Bahkan angka kemiskinan Jakarta jauh melampaui angka kemiskinan nasional yang hanya 7,50 persen atau 26,36 juta penduduk.

Mari kita lihat klaim Heru berdasar data-data berikut. Berdasar data Badan Pusat Statistik (BPS) pada September 2022, provinsi termiskin di Indonesia adalah Papua di mana angka kemiskinan mencapai 26,8 persen. Sedang provinsi termiskin di Jawa yaitu Yogyakarta, prosentasenya pun hanya 11,49 persen.

Heru mengaku mendapat angka kemiskinan di Jakarta dari 3 sumber yakni Data Pensasaran Percepatan Penghapusan Kemiskinan Ekstrem (P3KE), Data Terpadu Kesejahteraan Sosial (DTKS), dan Carik Jakarta. Data tersebut nenurut Heru sudah fix karena by name by address.

Dengan angka kemiskinan sebesar itu, Heru memastikan tidak ada kemiskinan ekstrem di Jakarta dan data kemiskinan yang disampaikan bersifat dinamis sehingga dapat berubah secara berkala.

Namun benarkah saat ini ada 3.009.000 penduduk miskin di Jakarta? Masih perlu sinkronisasi data lebih lanjut, termasuk menelisik motif di baliknya munculnya angka sebesar itu. Sebab, sangat fantastis.

Untuk diketahui sesuai data yang dirilis BPS pada September 2022, jumlah penduduk miskin di Jakarta adalah 494,93 ribu orang (4,61 persen), turun dibandingkan dengan Maret 2022 yang mencapai 502,04 ribu orang (4,69 persen).

Lalu bagaimana mungkin pada Februari 2023, atau 5 bulan kemudian, menjadi 35 persen? Lonajakan jumlah dari 502.000 ke 3.009.000 bukan hanya mencengangkan tetapi mendekati dongeng.  

Mari kita lihat angka kemiskinan Jakarta dalam 10 tahun terakhir.  Per September 2011 penduduk miskin di Jakarta sebesar 355,20 ribu (3,64 persen). Pada September 2014 jumlahnya melonjak menjadi 412,79 ribu orang (4,09 persen).

Jumlah penduduk miskin di DKI Jakarta pada bulan Maret 2017 turun menjadi 389,69 ribu orang (3,77%).  Angka kemiskinan Jakarta kembali turun di bulan September 2019 yakni sebesar 3.42%. setara 362,30 ribu orang. Angka ini adalah yang terendah dalam kurun waktu lima tahun terakhir.

Setelah pandemi,  pada September 2020 angka kemiskinan Jakarta bertambah menjadi 496,84 ribu orang atau 4,69 persen.

Terakhir, pada September 2021 dengan jumlah penduduk miskin sebesar 498,29 ribu orang (4,67 persen). Secara jumlah bertambah namun prosentasenya turun.  

Jika melihat statistik di atas, maka naik-turunnya angka kemiskinan di Jakarta hanya di kisaran 1 persen. Lalu bagaimana mungkin tiba-tiba di tahun 2023 melonjak menjadi 28,3 persen?

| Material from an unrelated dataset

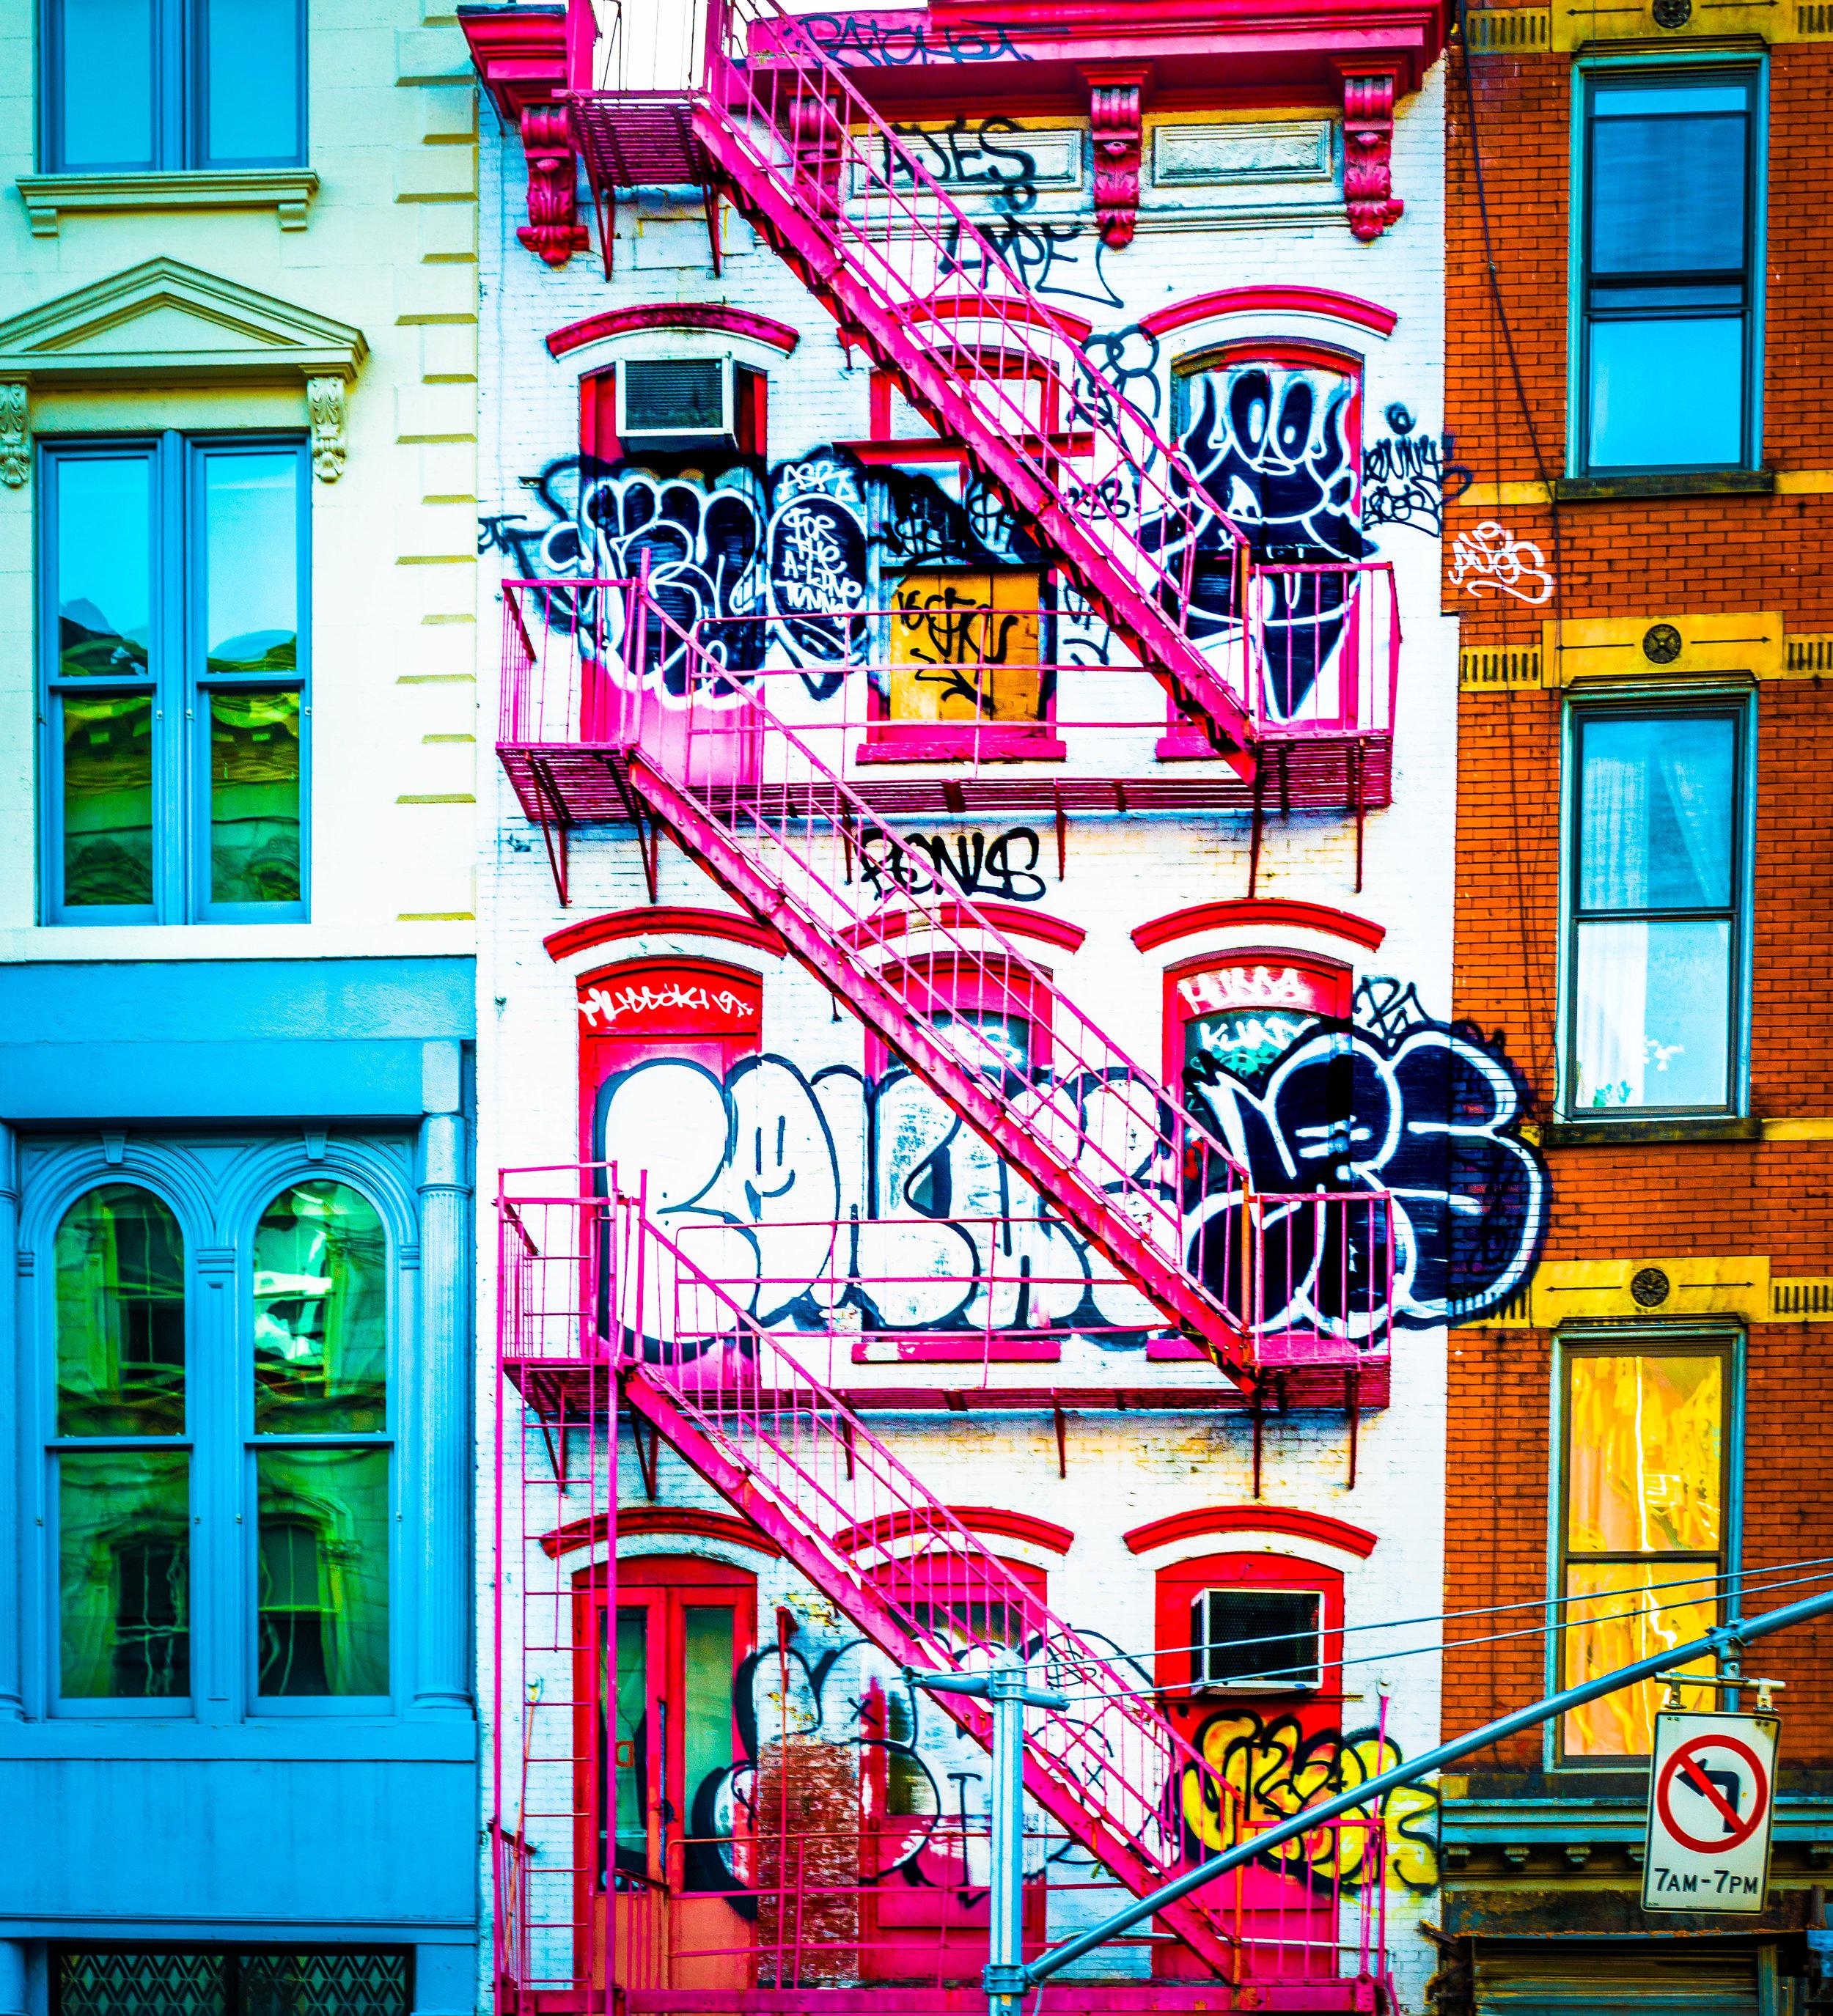 Chinatown, New York, New York

Mungkinkah Pj Gubernur Jakarta menggunakan rumusan tersendiri untuk menghitung angka kemiskinan yang berbeda dengan standar BPS?

Seperti kita ketahui,  menurut BPS, per Maret 2022 Standar Kemiskinan adalah Rp 505.469 per kapita per bulan. Artinya jika tidak bisa memenuhi kebutuhan makan sebesar Rp 374.455 (74,08 persen), dan kebutuhan di luar makan sebesar Rp 131.014 (25,92 persen), maka orang tersebut masuk kategori miskin.

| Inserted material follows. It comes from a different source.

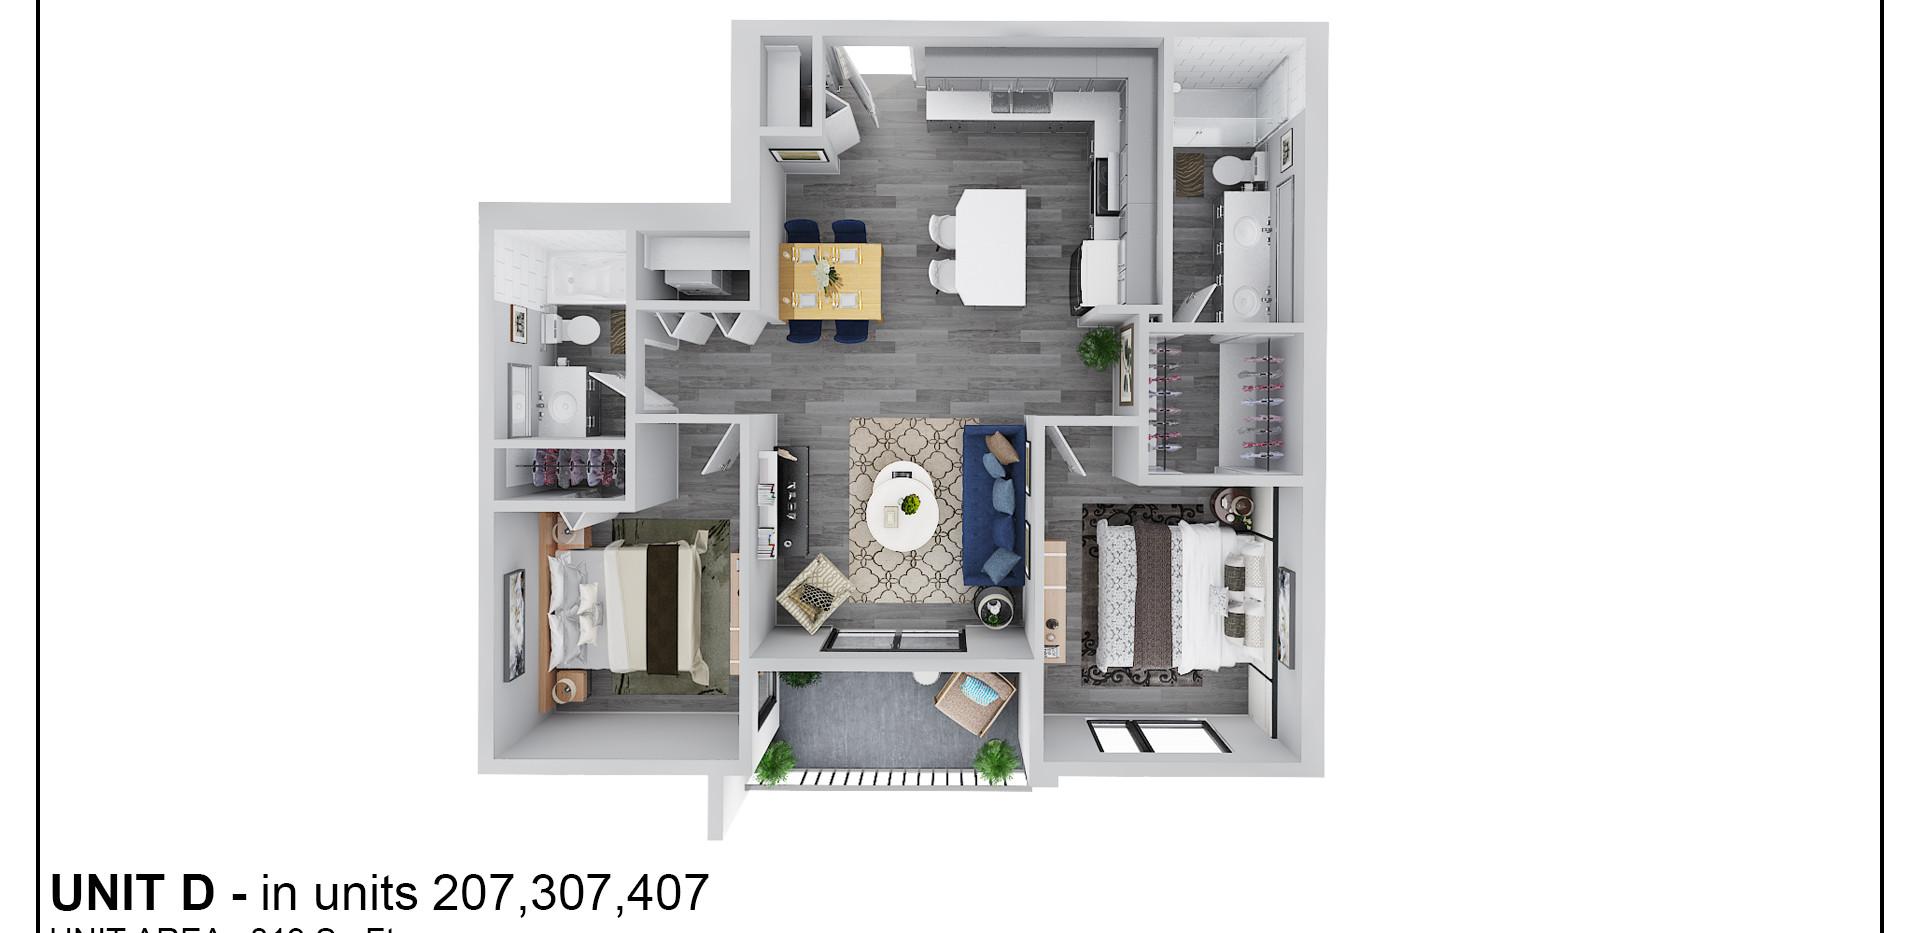 Floor Two - Unit D - 207

Dengan atandar tersebut, jika dalam satu keluarga terdapat 4 orang, maka keluarga itu harus memiliki penghasilan atau kemampuan belanja kebutuhan dasar minimal Rp 505.469 x 4 yakni Rp 2.021.876 per bulan. Jika tidak bisa memenuhi standar minimal tersebut, maka masuk dalam kategori keluarga miskin.

Sebagai warga Jakarta, kita senang jika lonjakan fantastis angka kemiskinan dimaksudkan untuk meningkatkan dana pembangunan, dan upaya-upaya komprehensif yang bertujuan mengentaskan kemiskinan.

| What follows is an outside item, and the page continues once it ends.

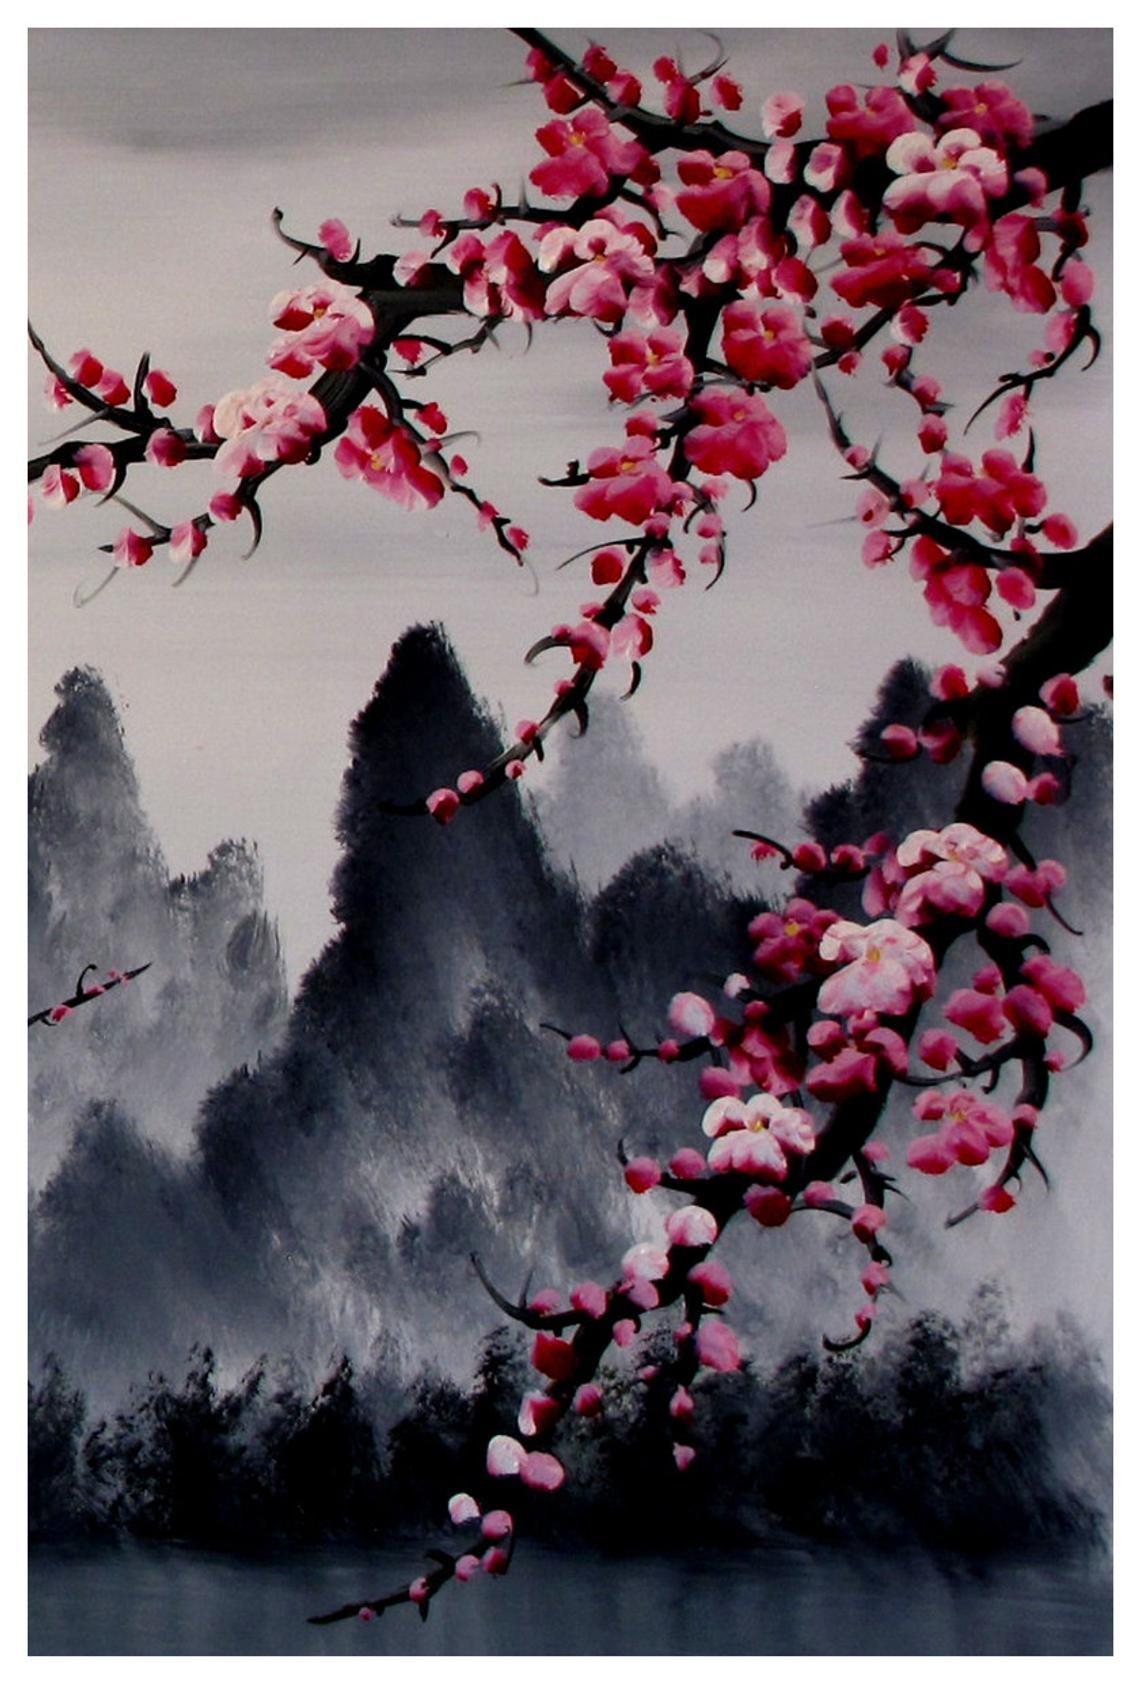 Photo of Arte de flor de cerezo, mural de flor de cerezo, conjunto de impresión japonesa de arte de flor de cerezo de 3

Namun kita tegas menolak jika angka yang dibeber memiliki tujuan berbeda, seperti kepentingan politik 2024. Misal nanti di akhir tahun 2023 atau awal 2024 disebut  angka kemiskinan tinggal 4 persen sehingga muncul hero di sini.  

Atau angka tersebut digunakan untuk melegitimasi bag-bagi sembako bergambar istana, partai, atau tokoh tertentu dengan sumber dana dari APBD dan APBN.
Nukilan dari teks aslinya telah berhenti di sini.